Ihms’ club, a gift from a golf course architect friend, dates from 1880. It has a hickory shaft and the original handle. There are no grooves on the club face. The shaft is not flexible like today’s titanium and other materials are. Playing is a challenge and the standards are not the same. “It’s a lot harder.”

He appreciates the history of the club and the golf ball that went with it from 1870. He did not use the golf ball when playing the Old Course at St. Andrew’s, but used the club in the game. Historical records indicate that St. Andrew’s was the first stop for the 18-hole round in 1764.

He really wanted to play the place. He remembers being on top of the 18th hole green and thinking it would be great if his shot went in. Instead, he hit the pin, which he still thought was a good hit. “It was really cool to hit it,” he said.

The unique gift came to him from a friendship that developed from golf. He was working for the Bent Tree Country Club in Dallas, Texas at the time when architect Keith Foster was hired to renovate the place. The two formed a business friendship.

Then, about a decade later, at the Little Rock Country Club at the time, He asked Foster to oversee the renovation of the place. He agreed. Old paintings helped Foster with the renovation, which focused on bringing the square back to its original 1902 design. “It is one of the oldest places that have been built,” said him. At this point, Foster was aware of his interest in historical golf articles and gave him the club as a gift.

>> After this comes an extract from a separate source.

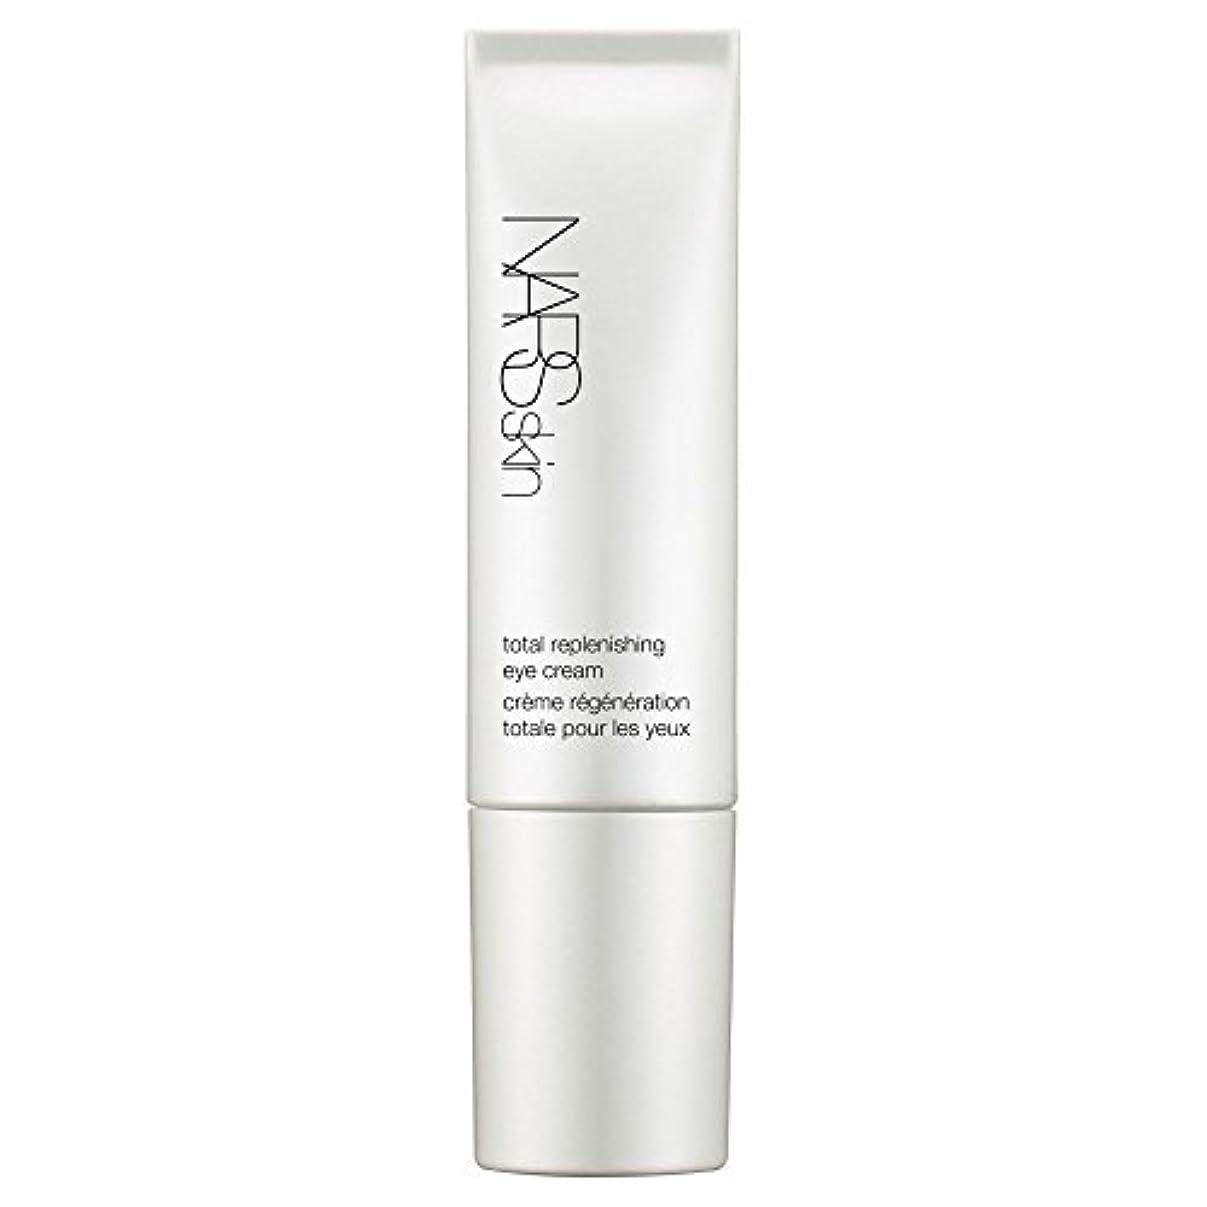 グリーンランド道に迷いましたウェーハ[NARS] Narsskin総補充アイクリーム15Ml - Narsskin Total Replenishing Eye Cream 15ml [並行輸入品]

In his role as president of a professional group, the Golf Course Superintendent Association of America (GCSAA), he has had the opportunity to travel extensively. He decided his trip to Scotland – St Andrews in particular – would be the perfect time to take advantage of this club. He got into the full story and even toured Old Tom’s shop, located on the 18th green.

He likes how the golf club brand – and the game in general – has evolved over hundreds of years.

Supervising golf course renovations has made him think about how he approaches his own golf maintenance job.

In the early days of golf, golfers did not have expensive, rambling golf clubs or specially designed, well-maintained golf courses. “That was the best you could do,” he said.

Today, Hims considers all of the additional benefits golfers can claim. Although his tenure on the GCSAA board of directors ended in 2017, he and two others are attempting an annual trip.

He loves the game and he loves the story that goes with it.

He’s working with another former GCSAA President and CEO to tackle the game’s challenge.

“Golf is not that good, but we have a lot of fun,” he said with a laugh.

He has played on several golf courses around the world including Royal Melbourne in Australia, Shanqin Bay on Hainan Island, China and Tara ITI Country Club in New Zealand.

His goal is to play as many top 100 golf courses in the country as possible. It’s now at # 64.

“Because I am proud of this achievement, I have played against Augusta National and all of the United States’ top 10, according to the latest list from Golf Digest!” he said.